By Michael P. Tremoglie | Jul 20, 2012

NEW YORK (Legal Newsline) - The Securities and Exchange Commission announced Tuesday that two options traders previously accused of short selling violations have agreed to pay more than $14.5 million to settle the case against them.

The SEC alleged that brothers Jeffrey and Robert Wolfson "engaged in naked short selling by failing to locate shares involved in short sales and failing to close out the resulting failures to deliver.

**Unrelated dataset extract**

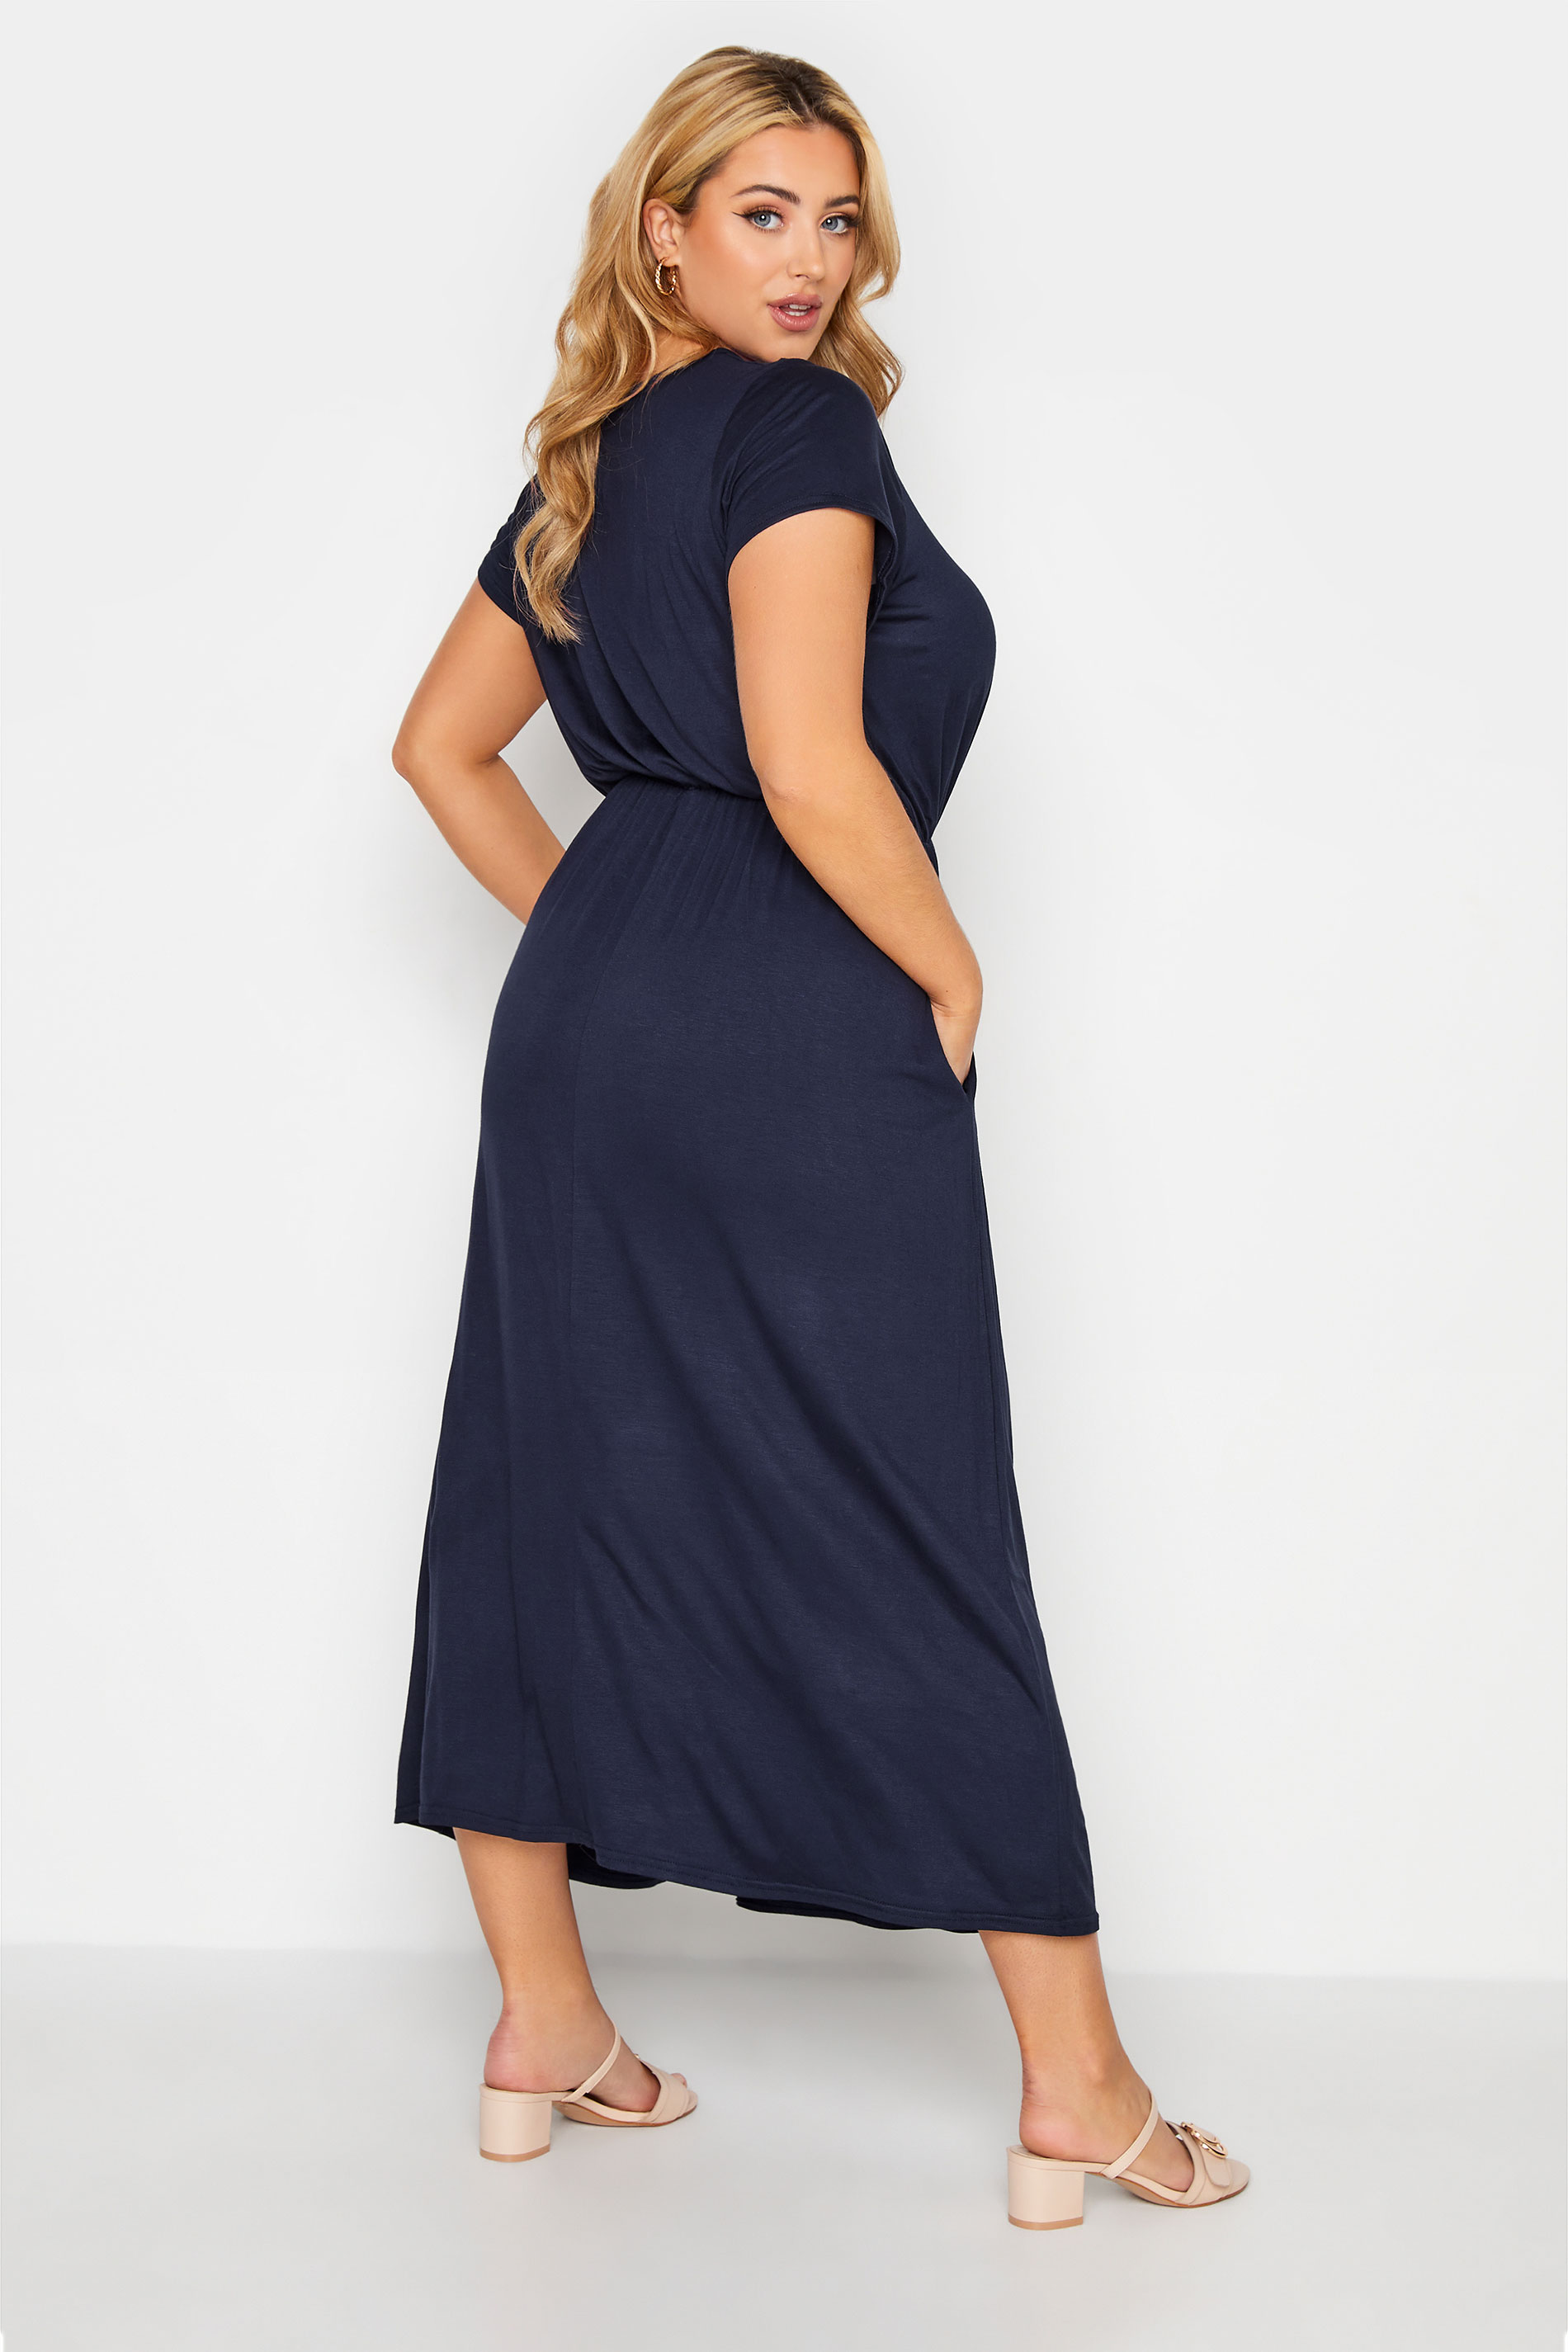 YOURS LONDON Navy Blue Pocket Maxi Dress | Yours Clothing 3

SEC rules require short sellers to locate shares to borrow before selling them short, and they must purchase securities to close out their failures to deliver by a specified date."

According to the SEC, the Wolfsons made illegal naked short sales from July 2006 to July 2007. Jeffrey allegedly made illegal naked short sales while working as a broker-dealer and later as the principal trader at a Chicago-based brokerage firm that is no longer in business.

The SEC said Robert conducted illegal naked short sales while trading in an account at New York-based broker-dealer Golden Anchor Trading II LLC, which also was charged by the SEC and agreed to the settlement.

The Wolfsons made approximately $9.5 million in illegal profits from their naked short selling transactions, the SEC said. Jeffrey generated approximately $8.8 million and Robert, as well as Golden Anchor, made more than $700,000, the SEC said.

"The Wolfsons attempted to game short-selling restrictions in order to win millions of dollars in illegal profits. This settlement deprives them of those profits and more," said Andrew Calamari, Acting Director of the SEC's New York Regional Office.

The Wolfsons and Golden Anchor settled without admitting or denying guilt. Jeffrey will pay $13,425,000, including a $2.5 million penalty in addition to disgorgement and prejudgment interest. Robert and Golden Anchor will pay $1.1 million in disgorgement, prejudgment interest and penalties.